Il silenzio dei satelliti - Clemens Meyer

Il silenzio dei satelliti – Clemens Meyer

In Il silenzio dei satelliti, Clemens Meyer scrive senza distanza tra ricordi e attualità, pensieri e dialoghi, sovrapponendo le scene, appiattendo spazi e azioni. In questo modo riesce a dare profondità alle anime, donando il respiro della vita alla narrazione, inanellando i momenti come nella mente, impastando i sentimenti e le sensazioni, facendo dialogare le parole e i silenzi.

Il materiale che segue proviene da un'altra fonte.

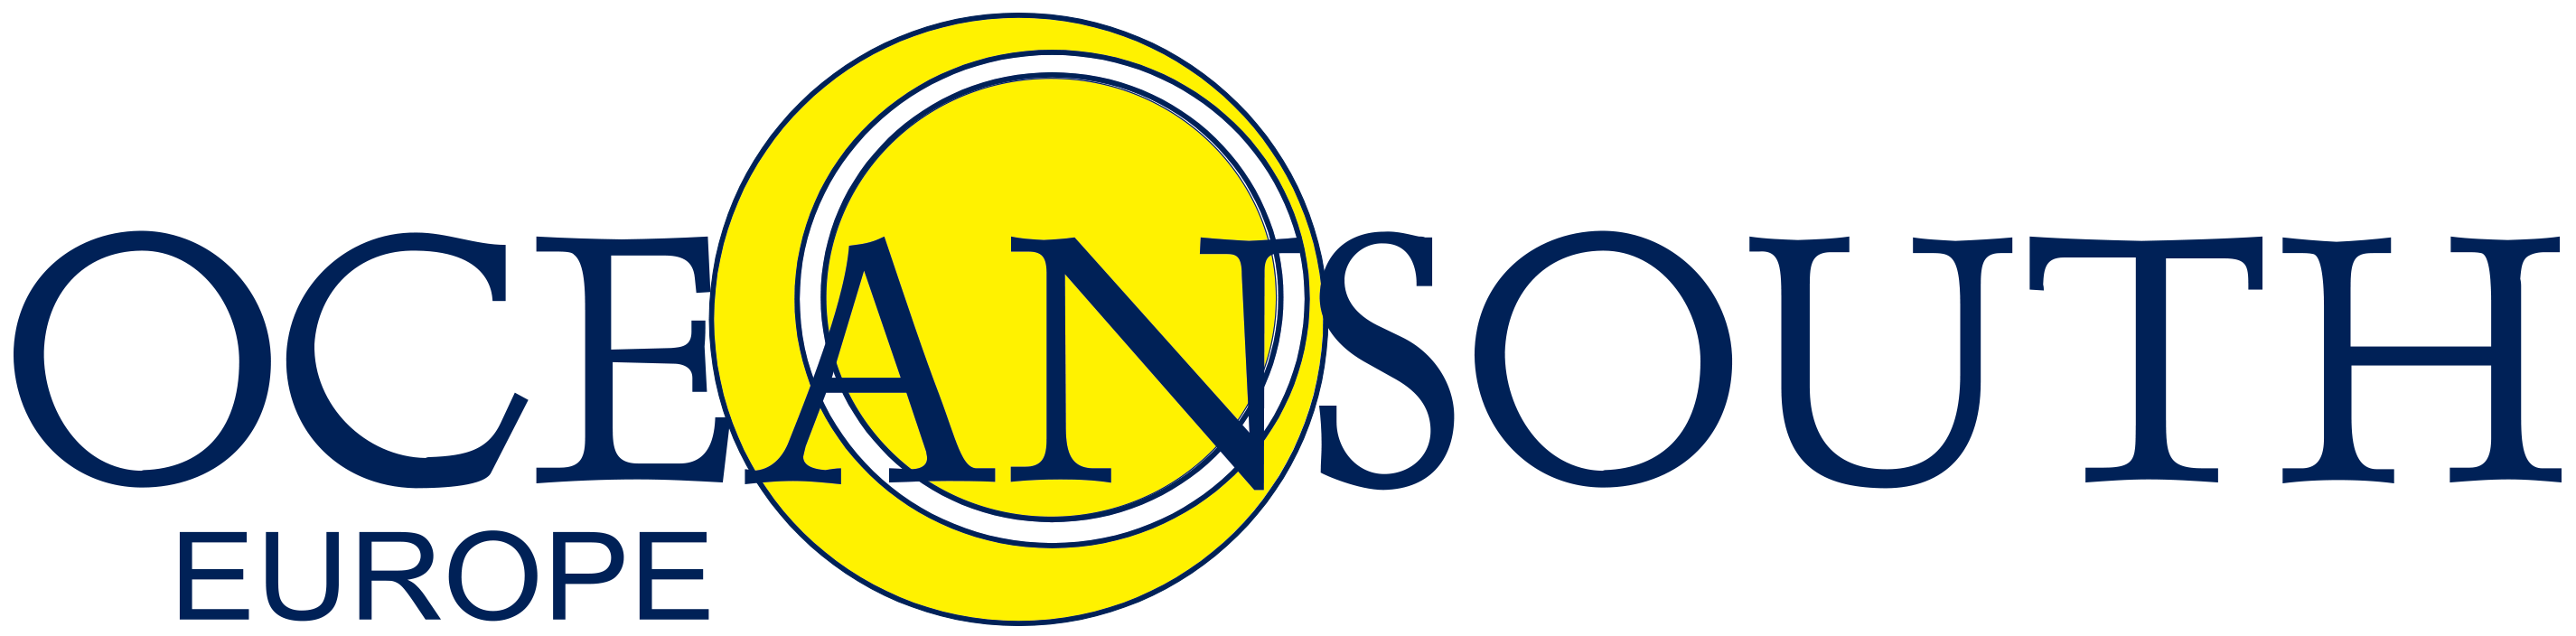 cropped-Logo-oceansouth-europe.png

Il silenzio dei satelliti di Clemens Meyer

Nove racconti divisi in tre parti, ognuna introdotta da un ulteriore racconto di due pagine; insomma, alla fine sono dodici racconti. Meyer si muove tra memorie di una Germania divisa e attualità strettissima che, però, di quella storia porta le cicatrici.

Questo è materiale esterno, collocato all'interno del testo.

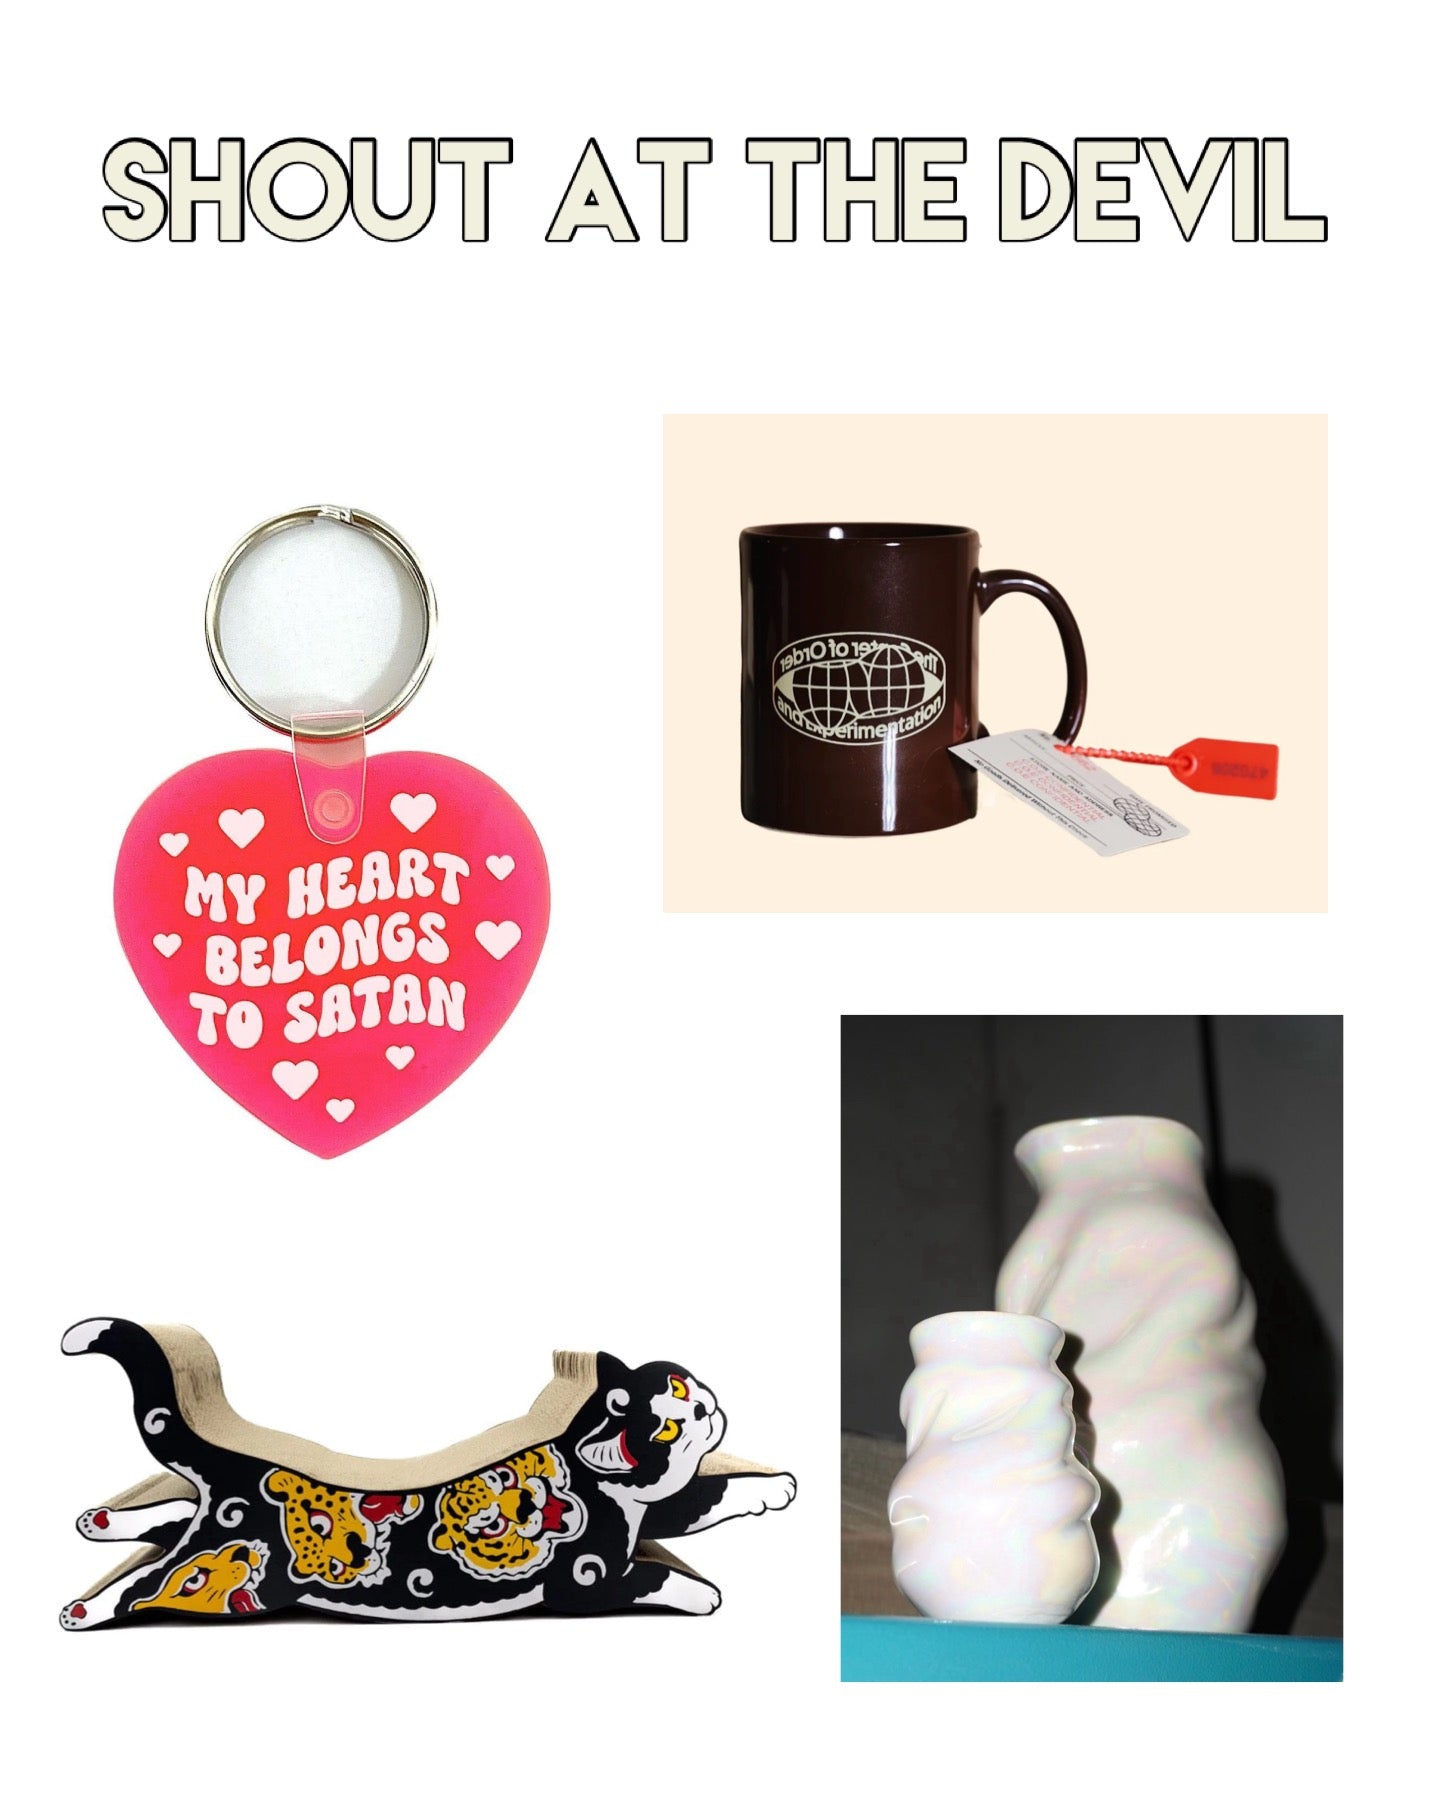 Shout at the devil

Cicatrici che segnano la vita dei personaggi che si muovono soprattutto ai margini, nel cuore di quella parte di società a cui rimangono speranze, sogni, ricordi e sempre troppo poco in mano. Quella di Meyer non è una ricognizione sociale, i personaggi hanno passioni e sentimenti individuali che su quello sfondo si muovono.
Periferie cittadine, quartieri industriali, edifici trasandati, in malora, bazzicati da un’umanità rotta, aggrappata a quel che riesce, spesso ricordi.

Di notte specialmente

I satelliti silenziosi sono le abitazioni di certe periferie che via via spengono le luci, lasciando spazio alla notte e a quell’altro satellite, la Luna, che illumina molti degli scenari del libro. I protagonisti si muovono di notte specialmente, occupando lo spazio che rimane loro e in cui sono costretti.

In queste ambientazioni notturne ricorrono le parole, i pensieri insistono su alcuni punti, piccole sottolineature pratiche di inceppamenti dell’animo. E spesso i personaggi finiscono con l’imbambolarsi, rapiti da se stessi, poco accorgendosi del mondo esterno, dell’attenzione che reclama, sospendendosi nel fluire del tempo.

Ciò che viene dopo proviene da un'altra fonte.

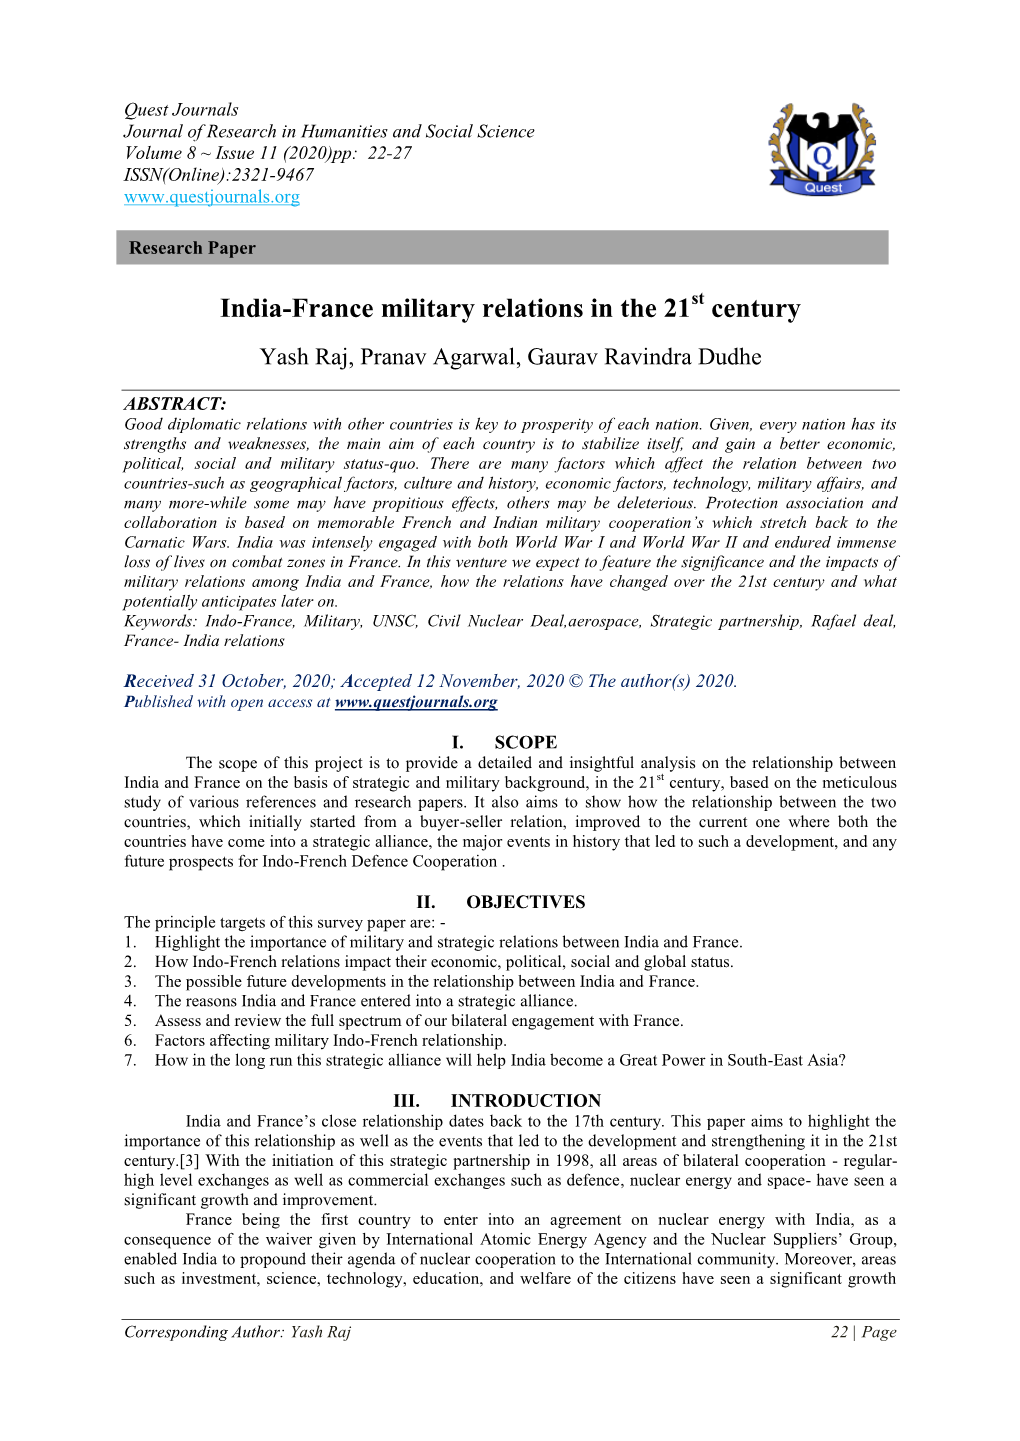 India-France Military Relations in the 21 Century

Cosa sarà mai attuale? L’attualità è una leggenda e un concetto radicalmente sbagliato, siamo sempre da tutt’altra parte, e so di cosa parlo perché gestisco un chiosco, in una casetta piatta con la tettoia che una volta era un distributore di benzina.

Incontri

Praticamente tutti i racconti sono duetti, narrano un incontro tra due personaggi: la guardia con la ragazza immigrata; due donne che lavorano su turni; l’uomo che si innamora della ragazza divenuta islamica; il vecchio che, su una panchina, racconta la propria vicenda al giovane uomo; il fantino che sogna la corsa sul ghiaccio e vi trascina lo sconosciuto dell’aeroporto; persino il macchinista che investe un uomo sorridente (sì anche questo è un incontro).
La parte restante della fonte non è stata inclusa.